Here is a partial list. If you have some results on an unsolved multimagic problem, send me a message! I will be pleased to add your results in this web site.

**Multimagic squares using distinct integers**

- What is the smallest possible bimagic square
using distinct integers? The
orders 3 and 4 are proved impossible, and the order 8 is the mimimum order
allowing normal bimagic
squares (normal = using consecutive integers). Who will be the first to construct a non-normal bimagic square
of order 5, 6 or 7? (non-normal = using distinct integers). Or prove that it is impossible to construct such squares.
Examples
of order 6 found in February 2006 by Jaroslaw Wroblewski. Examples
of order 7 found in May 2006 by Lee Morgenstern.
**Order 5 still unknown!** - What is the smallest possible trimagic square using distinct integers? The orders 3 and 4 are proved impossible, and the order 12 is the mimimum order allowing normal trimagic squares (normal = using consecutive integers).

**Normal multimagic squares (using consecutive integers)**

- Who will be the first to mathematically prove that a bimagic square of order 7 using consecutive integers is impossible? Mathematical proofs exist for the impossibility of bimagic squares of orders < 7, but today the non-existence of a bimagic square of order 7 is “only” a computing result.
- Who will be the first to construct a pandiagonal bimagic square, with all its broken lines bimagic. None is known. Or who will be the first to prove that such a square is impossible? Solved in February 2006 by Su Maoting (order 32). Hence, new problem:
- Is it possible to construct a pandiagonal bimagic square of order < 32?
- Who will be the first to construct a trimagic square of order 13 or 15? None is known. Or prove that it is impossible to construct such squares. The smallest possible trimagic square is of order 12. Trimagic squares of order 14 are impossible.
- What is the smallest possible tetramagic square? The orders < 20 are impossible, and the smallest known tetramagic square is of order 243. Who will be the first to construct a tetramagic square of order < 243?
- What is the smallest possible pentamagic square? The orders < 20 are impossible, and the smallest known pentamagic square is of order 729. Who will be the first to construct a pentamagic square of order < 729?
- What is the smallest possible hexamagic square? The orders < 20 are impossible, and the smallest known hexamagic square is of order 4096. Who will be the first to construct an hexamagic square of order < 4096?
- What are the numbers of trimagic series for squares of order 19 and above?
- What are the numbers of tetramagic series for squares of order 19 and above?
- What are the numbers of pentamagic series for squares of order 20 and above?
- What is the smallest order allowing hexamagic series? The smallest current candidates are orders 27 and 40.

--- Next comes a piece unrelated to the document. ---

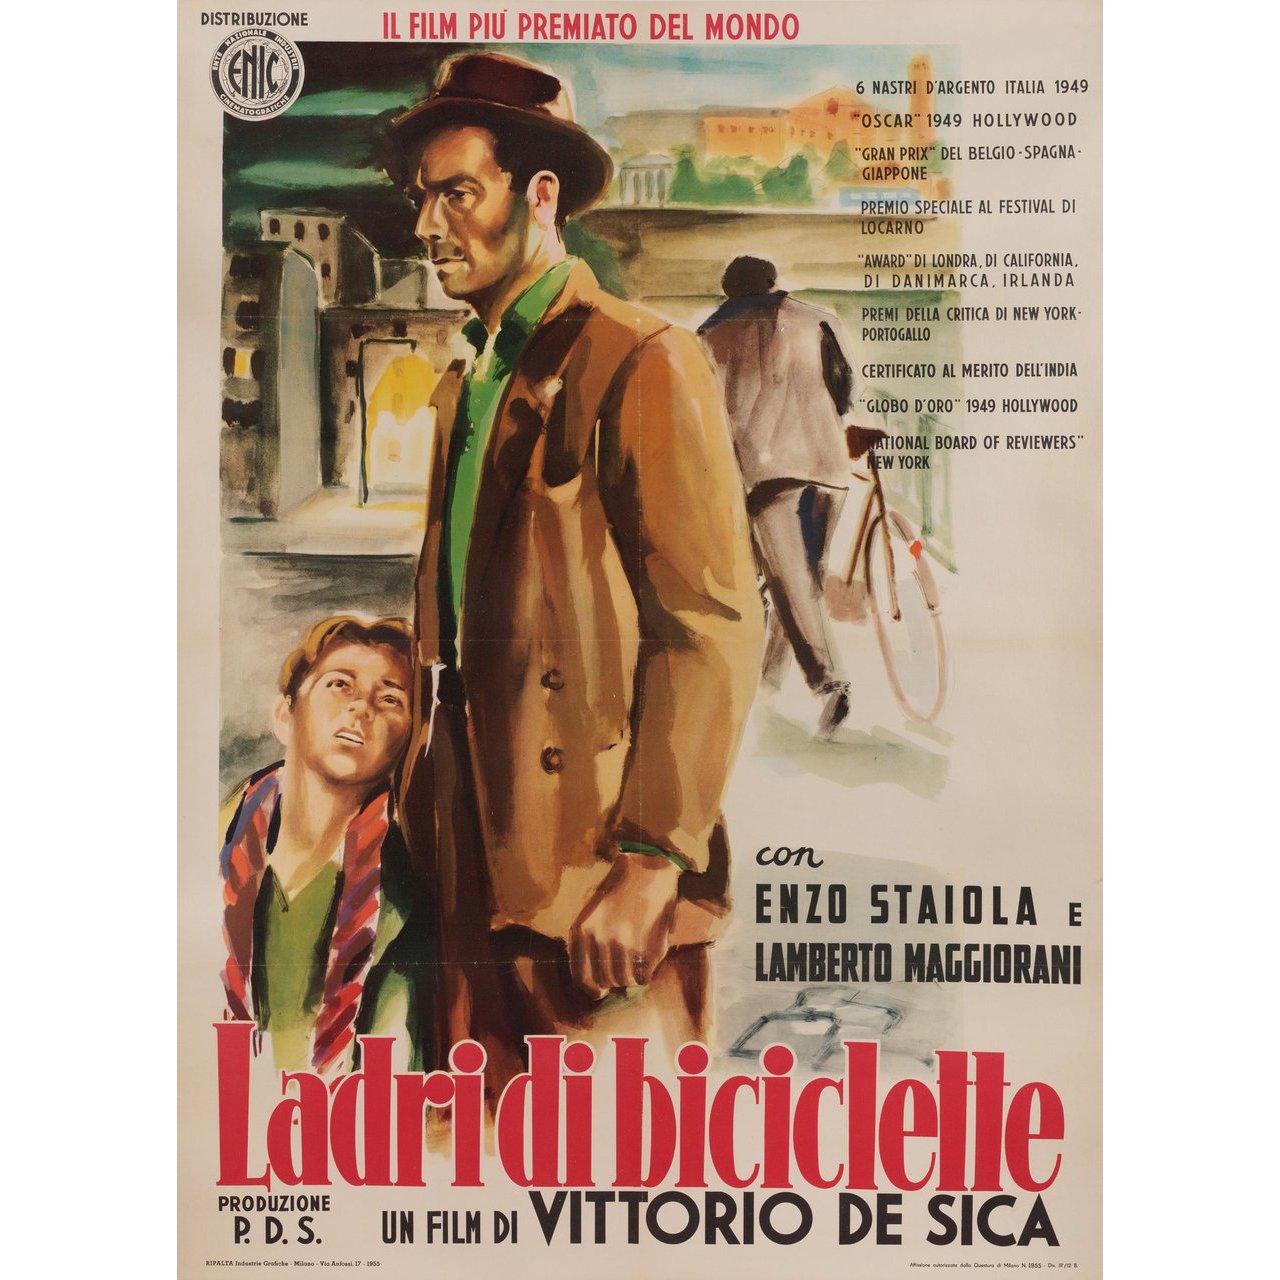 Original 1955 re-release Italian due fogli poster for the 1948 film Bicycle Thieves (Ladri di biciclette) directed by Vittorio De Sica with Lamberto Maggiorani / Enzo Staiola / Lianella Carell / Gino Saltamerenda. Fine condition, linen-backed. This

**Multimagic series for squares**

**Multimagic cubes and hypercubes**

- What is the smallest possible bimagic cube? The orders < 8 are proved impossible, and the smallest known bimagic cube is of order 16. Who will be the first to construct a bimagic cube of order < 16?
- What is the smallest possible perfect bimagic cube? The orders < 8 are proved impossible, and the smallest known bimagic perfect cube is of order 32. Who will be the first to construct a perfect bimagic cube of order < 32?
- What is the smallest possible bimagic hypercube? The smallest known bimagic hypercube (dim 4 = tesseract) is of order 32. Who will be the first to construct a bimagic hypercube of order < 32?
- What are the numbers of bimagic series for cubes of order 14 and above?
- What are the numbers of trimagic series for cubes of order 11 and above?
- What is the smallest order allowing tetramagic series? The smallest current candidate is order 13.

**Multimagic series for cubes**

- Is it possible to construct additive-multiplicative magic squares of orders <= 7? Not solved, but first add-mult magic square of order 7 by Sébastien Miquel in August 2016. Orders 5 and 6 still unknowns. (Equivalent to Enigmas 6 and 6a)
- Is it possible to construct better pandiagonal multiplicative magic squares of orders >= 6?
- Construct the lists of the smallest possible products of multiplicative magic squares of orders 8 and above. Lists of orders from 3 to 7 already done.
- What are the smallest possible maximum numbers of multiplicative magic squares of orders 8 and above? Smallest possible max nbs of orders 3 to 7 already known.
- What are the smallest possible magic products of multiplicative magic squares of orders 10 and above? Smallest possible products of orders 3 to 9 already known.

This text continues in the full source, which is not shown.